A few years ago, Uber primarily relied on incremental rollout and production probing/alerts to catch regressions. While this approach is sound, it became very operationally expensive and we also experienced many leakages. Detecting issues late requires developers to bisect the exact bad change and then go back through the whole process again.
Many of our outage postmortems indicated little to no testing beyond a few basic unit tests, which were often so dependent on mocks that it was difficult to understand how much protection they actually offered.
Uber is well-known for having fully embraced microservice-based architecture. Our core business logic is encapsulated across large groups of microservices such that it is difficult to validate functionality within a single service without over-mocking. Because of our architecture, the only sane way to test has been to perform E2E testing. At the same time, our internal NPS surveys consistently highlighted that E2E testing was the hardest part of the job for developers – it’s no surprise it was often skipped.
A well-known testing blog from 2015, Just Say No To More End-To-End Tests, calls out E2E tests as difficult to maintain, expensive to write, flaky, slow, and difficult to debug. Uber’s journey into testing has run into all of the above problems and we’ve had to come up with creative ways to solve them.

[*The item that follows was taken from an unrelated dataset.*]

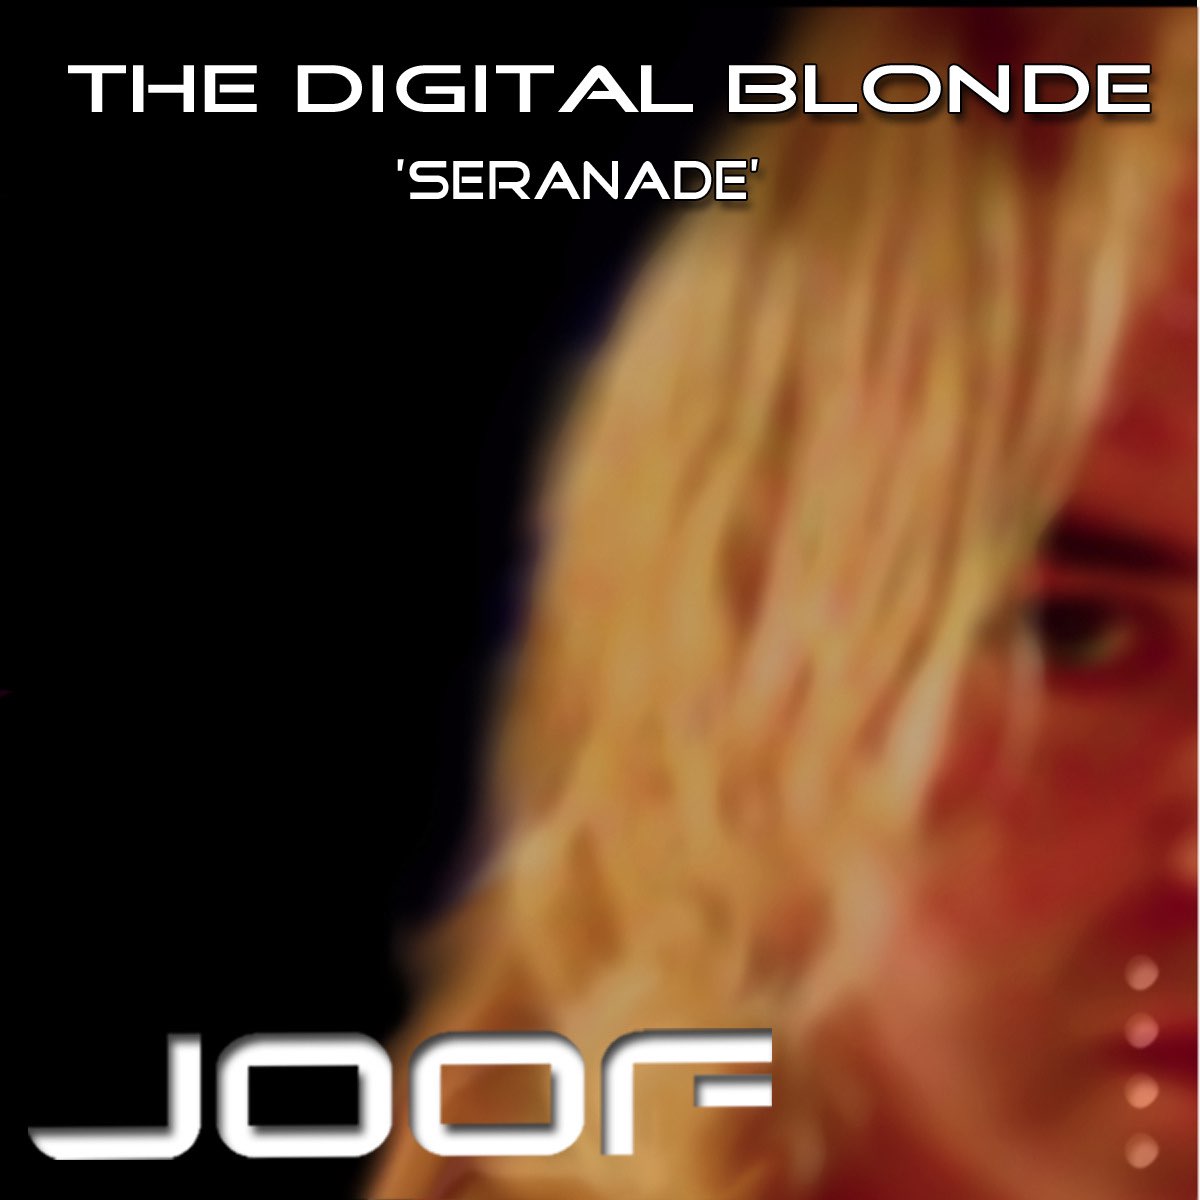 Blonde слушать песни. Blonde альбом. The Digital blonde. The Digital blonde биография. Blondie альбомы.

In this blog, we describe how we built a system that gates every code and configuration change to our core backend systems (1,000+ services). We have several thousand E2E tests that have an average pass rate of 90%+ per attempt. Imagine each of these tests going through a real E2E user flow, like going through an Uber Eats group order. We do all this fast enough to run on every diff before it gets landed.
Prior Approaches
Docker Compose
In the past, some teams at Uber have tried to start up all relevant services and datastores locally to run a suite of integration tests against the stack. At a certain point of microservice complexity, this becomes prohibitively expensive with the number of containers that need to be started.
Deploy to staging
At Uber, shared staging became too difficult to keep reliably usable for testing, because a single developer deploying a bad change could break the whole thing for everyone else. This approach only ever worked in small domains where developers could manually coordinate rollouts between a few teams.
Could E2E tests really work well at Uber scale? This is the story of how we made it happen.
Shift Left with BITS – Uber’s Current Testing Strategy
We use BITS to slice production
In order to shift testing left, we need to enable the ability to test changes without first deploying to production. To solve this, we launched a company-wide initiative called BITS (Backend Integration Testing Strategy) that enables on-demand deployment and routing to test sandboxes. Practically, this means individual commits can be tested in parallel before landing, without interfering with anyone else!
Data Isolation
To shift testing left safely, we need to provide isolation between production and testing traffic. At Uber, production services are expected to receive both testing and production traffic.
User Context
Most APIs are entity-scoped, meaning that access is scoped to a particular entity (i.e. user account). Using test users automatically limits the scope of side effects to that account. A small handful of cross-entity interactions (think algorithmic matching or Eats shopping) use the below strategies for isolation.
Architecture
BITS’ architecture can be expressed as a series of workflows that orchestrate between different infrastructure components to define a meaningful experience for the developer. We use Cadence, an open-source workflow engine developed at Uber that gives us a programming model for expressing retries, workflow state, and timers for teardown of resources.
Our CI workflows run test/service selection algorithms, build and deploy test sandboxes, schedule tests, analyze results, and report results. Our provisioning workflows control container resource utilization and scheduling of workloads across different CI queues optimized for particular workload types (i.e., high network usage vs. CPU usage).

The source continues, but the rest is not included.